Setting up external databases¶
Ferenda stores data in three substantially different ways:
- Documents are stored in the file system
- RDF Metadata is stored in in a triple store
- Document text is stored in a fulltext search engine.
There are many capable and performant triple stores and fulltext search engines available, and ferenda supports a few of them. The default choice for both are embedded solutions (using RDFLib + SQLite for a triple store and Whoosh for a fulltext search engine) so that you can get a small system going without installing and configuring additional server processess. However, these choices do not work well with medium to large datasets, so when you start feeling that indexing and searching is getting slow, you should run an external triplestore and an external fulltext search engine.
If you’re using the project framework, you set the configuration
values storetype
and indextype
to new values. You’ll find that
the ferenda-setup
tool creates a ferenda.ini
that specifies
storetype
and indextype
, based on whether it can find Fuseki,
Sesame and/or ElasticSearch running on their default ports on
localhost.
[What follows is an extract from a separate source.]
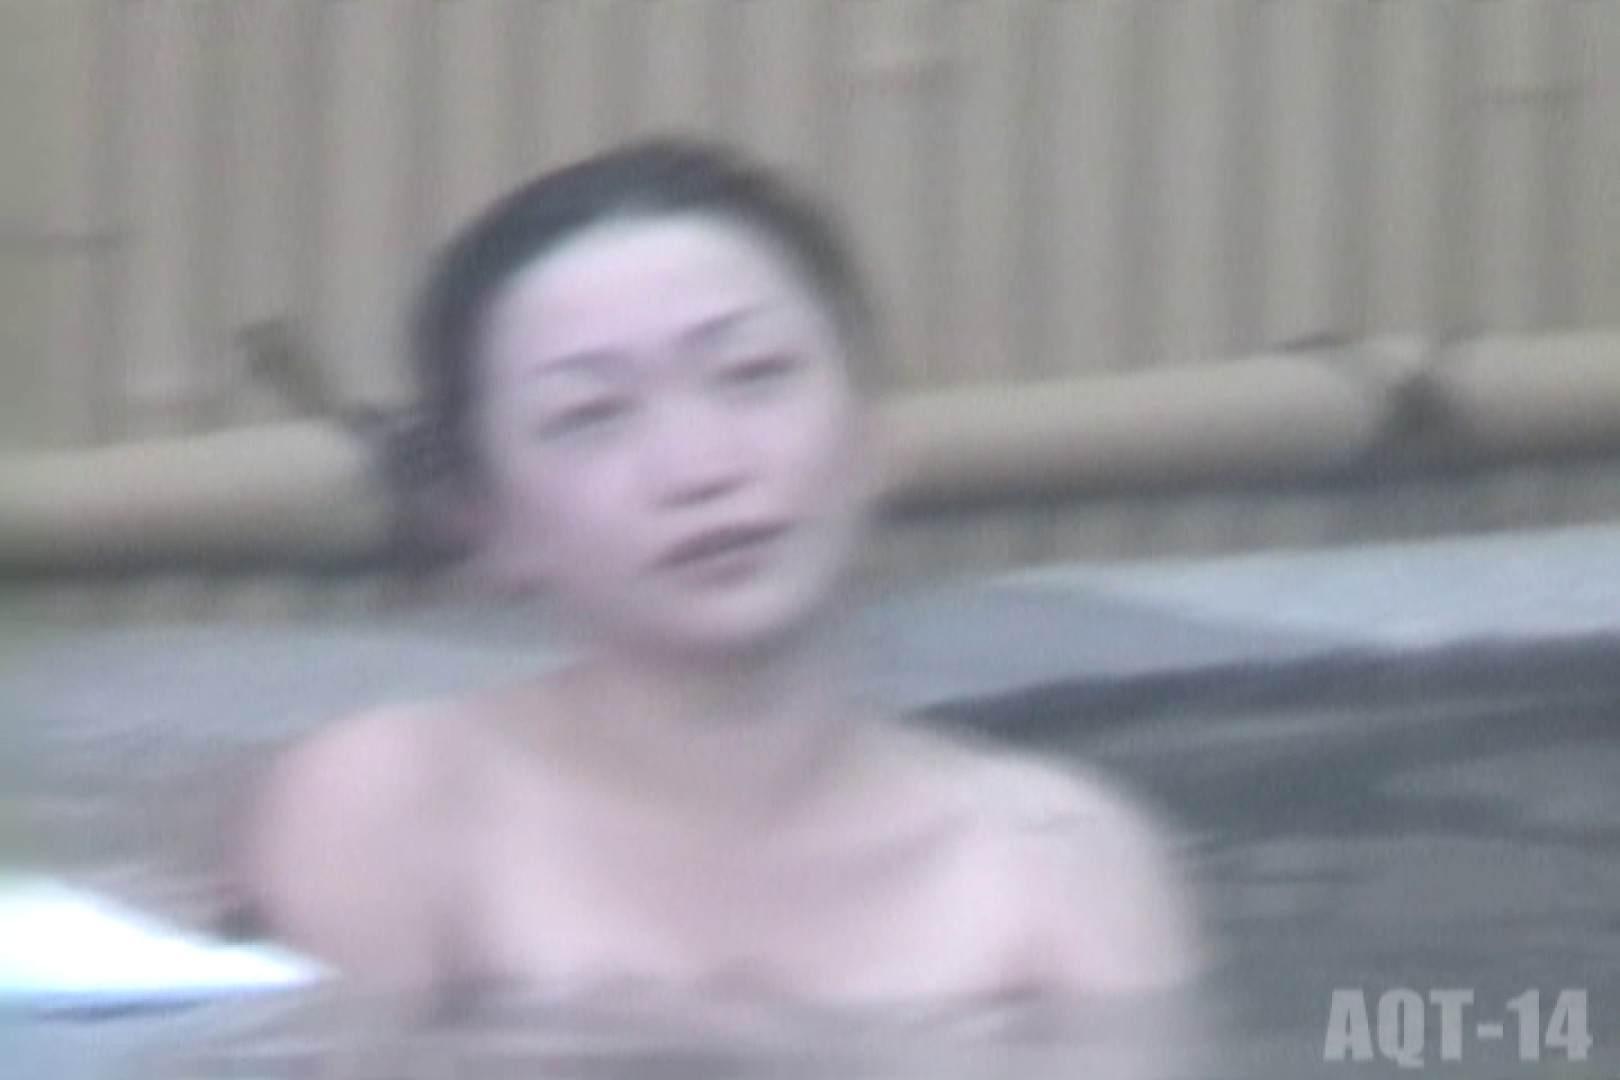 Aquaな露天風呂Vol.826 盗撮 | OLエロ画像  88PICs 22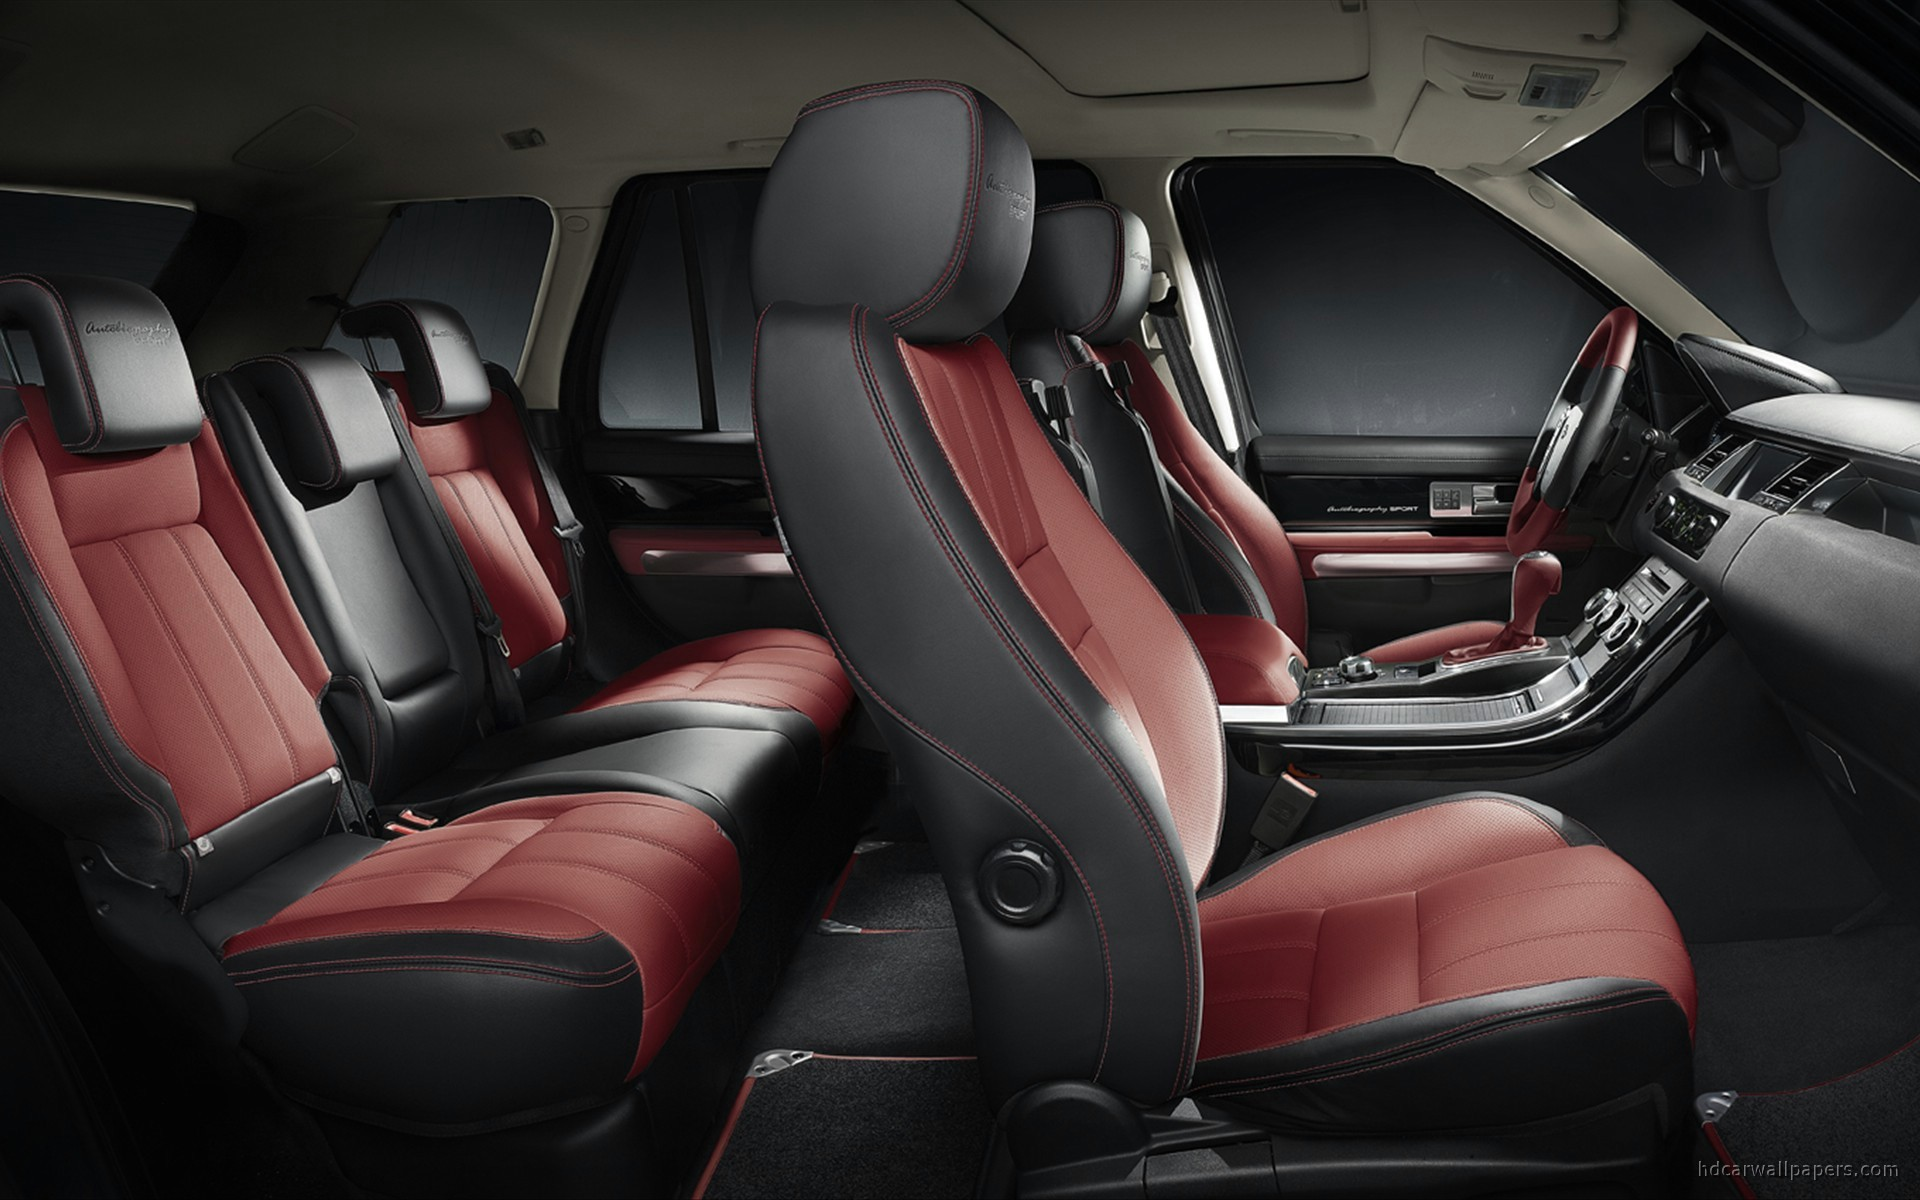 2010 Range Rover Sport Interior Wallpaper Hd Car

You still might have to do extra configuration,
particularly if you’re using Sesame as a triple store.
If you setup any of the external databases after running
ferenda-setup
, or you want to use some other configuration than
what ferenda-setup
selected for you, you can still set the
configuration values in ferenda.ini
by editing the file as
described below.
If you are running any of the external databases, but in a non-default
location (including remote locations) you can set the environment
variables FERENDA_TRIPLESTORE_LOCATION
and/or
FERENDA_FULLTEXTINDEX_LOCATION
to the full URL before running
ferenda-setup
.
Triple stores¶
There are four choices.
RDFLib + SQLite¶
In ferenda.ini
:
[__root__]
storetype = SQLITE
storelocation = data/ferenda.sqlite # single file
storerepository = <projectname>
This is the simplest way to get up and running, requiring no configuration or installs on any platform.
RDFLib + Sleepycat (aka bsddb
)¶
In ferenda.ini
:
[__root__]
storetype = SLEEPYCAT
storelocation = data/ferenda.db # directory
storerepository = <projectname>
This requires that bsddb
(part of the standard library for python 2) or bsddb3
(separate package) is available and working (which can be a bit of pain on many platforms). Furthermore it’s less stable and slower than RDFLib + SQLite, so it can’t really be recommended. But since it’s the only persistant storage directly supported by RDFLib, it’s supported by Ferenda as well.
Sesame¶
In ferenda.ini
:
[__root__]
storetype = SESAME
storelocation = http://localhost:8080/openrdf-sesame
storerepository = <projectname>
Sesame is a framework and a set of java web applications that normally runs within a Tomcat application server. If you’re comfortable with Tomcat and servlet containers you can get started with this quickly, see their installation instructions. You’ll need to install both the actual Sesame Server and the OpenRDF workbench.
After installing it and configuring ferenda.ini
to use it, you’ll need to use the OpenRDF workbench app (at http://localhost:8080/openrdf-workbench
by default) to create a new repository. The recommended settings are:
Type: Native Java store
ID: <projectname> # eg same as storerepository in ferenda.ini
Title: Ferenda repository for <projectname>
Triple indexes: spoc,posc,cspo,opsc,psoc
It’s much faster than the RDFLib-based stores and is fairly stable (although Ferenda’s usage patterns seem to sometimes make simple operations take a disproportionate amount of time).
Fuseki¶
In ferenda.ini
:
[__root__]
storetype = SESAME
storelocation = http://localhost:3030
storerepository = ds
Fuseki is a simple java server that implements most SPARQL standards and can be run without any complicated setup. It can keep data purely in memory or store it on disk. The above configuration works with the default configuration of Fuseki - just download it and run fuseki-server
Fuseki seems to be the fastest triple store that Ferenda supports, at least with Ferendas usage patterns. Since it’s also the easiest to set up, it’s the recommended triple store once RDFLib + SQLite isn’t enough.
Fulltext search engines¶
There are two choices.
Whoosh¶
In ferenda.ini
:
[__root__]
indextype = WHOOSH
indexlocation = data/whooshindex
Whoosh is an embedded python fulltext search engine, which requires no setup (it’s automatically installed when installing ferenda with pip
or easy_install
), works reasonably well with small to medium amounts of data, and performs quick searches. However, once the index grows beyond a few hundred MB, indexing of new material begins to slow down.
Elasticsearch¶
In ferenda.ini
:
[__root__]
indextype = ELASTICSEARCH
indexlocation = http://localhost:9200/ferenda/
Elasticsearch is a distributed fulltext search engine in java which can run in a distributed fashion and which is accessed through a simple JSON/REST API. It’s easy to setup – just download it and run bin/elasticsearch
as per the instructions. Ferenda’s support for Elasticsearch is new and not yet stable, but it should be able to handle much larger amounts of data.